Query parameters: - need_bypass: (Optional) Bool. If true, if will return SAS token (for Azure) or signed url (for GCS) to bypass server upload. - is_dir: (Optional) Bool. Whether the uploaded file is directory.

`GET /bundles/<bundle_uuid:re:%s>/locations/<bundle_store_uuid:re:%s>/`¶

Get info about a specific BundleLocation.

Query parameters: - bundle_uuid: Bundle UUID to get the location for - bundle_store_uuid: Bundle Store UUID to get the location for

`POST /bundles/<bundle_uuid:re:0x[0-9a-f]{32}>/state`¶

Updates a bundle state. Used to finalize a bundle's upload status after it is uploaded by the client directly to the bundle store, such as uploading to blob storage and bypassing the server.

Query parameters: - success: The state of upload. - state_on_success: (Optional) String. New bundle state if success - state_on_failure: (Optional) String. Bundle UUID corresponding to the new location - error_msg: (Optional) String. Error message if upload fails.

`GET /bundles/<uuid:re:0x[0-9a-f]{32}>/contents/info/<path:path>`¶

Fetch metadata of the bundle contents or a subpath within the bundle.

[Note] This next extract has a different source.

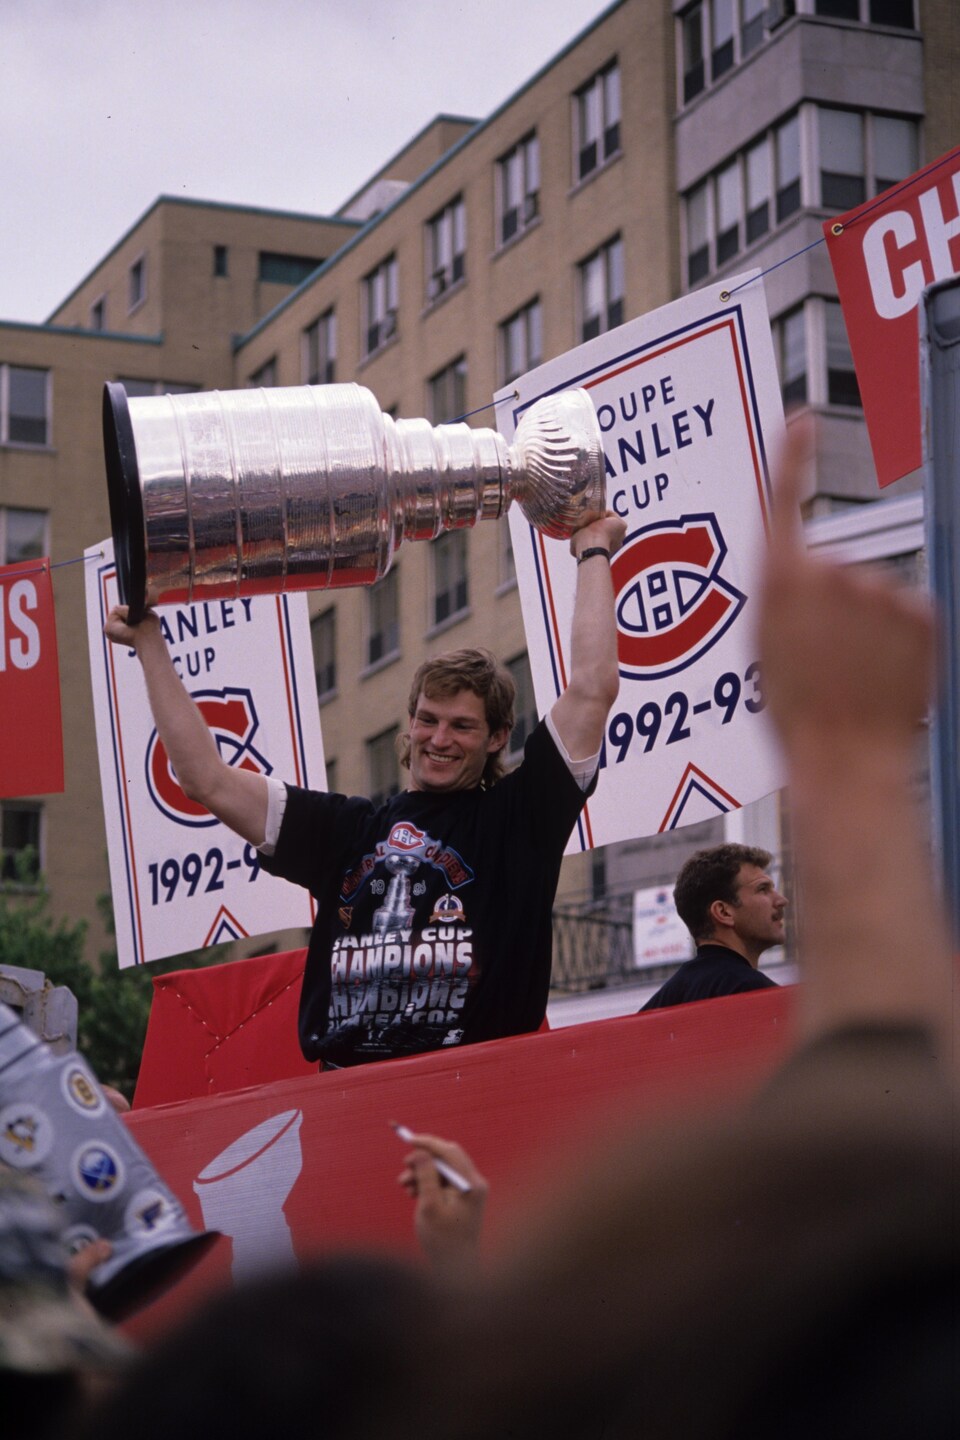 Un homme tient un trophée à bout de bras devant une foule et sourit.

Query parameters: - depth: recursively fetch subdirectory info up to this depth. Default is 0.

Response format:

{
  "data": {
      "name": "<name of file or directory>",
      "link": "<string representing target if file is a symbolic link>",
      "type": "<file|directory|link>",
      "size": <size of file in bytes>,
      "perm": <unix permission integer>,
      "contents": [
          {
            "name": ...,
            <each file of directory represented recursively with the same schema>
          },
          ...
      ]
  }
}

`GET /bundles/<uuid:re:0x[0-9a-f]{32}>/contents/info/`¶

Fetch metadata of the bundle contents or a subpath within the bundle.

Query parameters: - depth: recursively fetch subdirectory info up to this depth. Default is 0.

Response format:

{
  "data": {
      "name": "<name of file or directory>",
      "link": "<string representing target if file is a symbolic link>",
      "type": "<file|directory|link>",
      "size": <size of file in bytes>,
      "perm": <unix permission integer>,
      "contents": [
          {
            "name": ...,
            <each file of directory represented recursively with the same schema>
          },
          ...
      ]
  }
}

`PATCH /bundles/<uuid:re:0x[0-9a-f]{32}>/contents/filesize/`¶

This function is used to fix the file size field in the index.sqlite file. This only allows user to increase the file size for a single file.

`PUT /bundles/<uuid:re:0x[0-9a-f]{32}>/netcat/<port:int>/`¶

Send a raw bytestring into the specified port of the running bundle with uuid. Return the response from this bundle.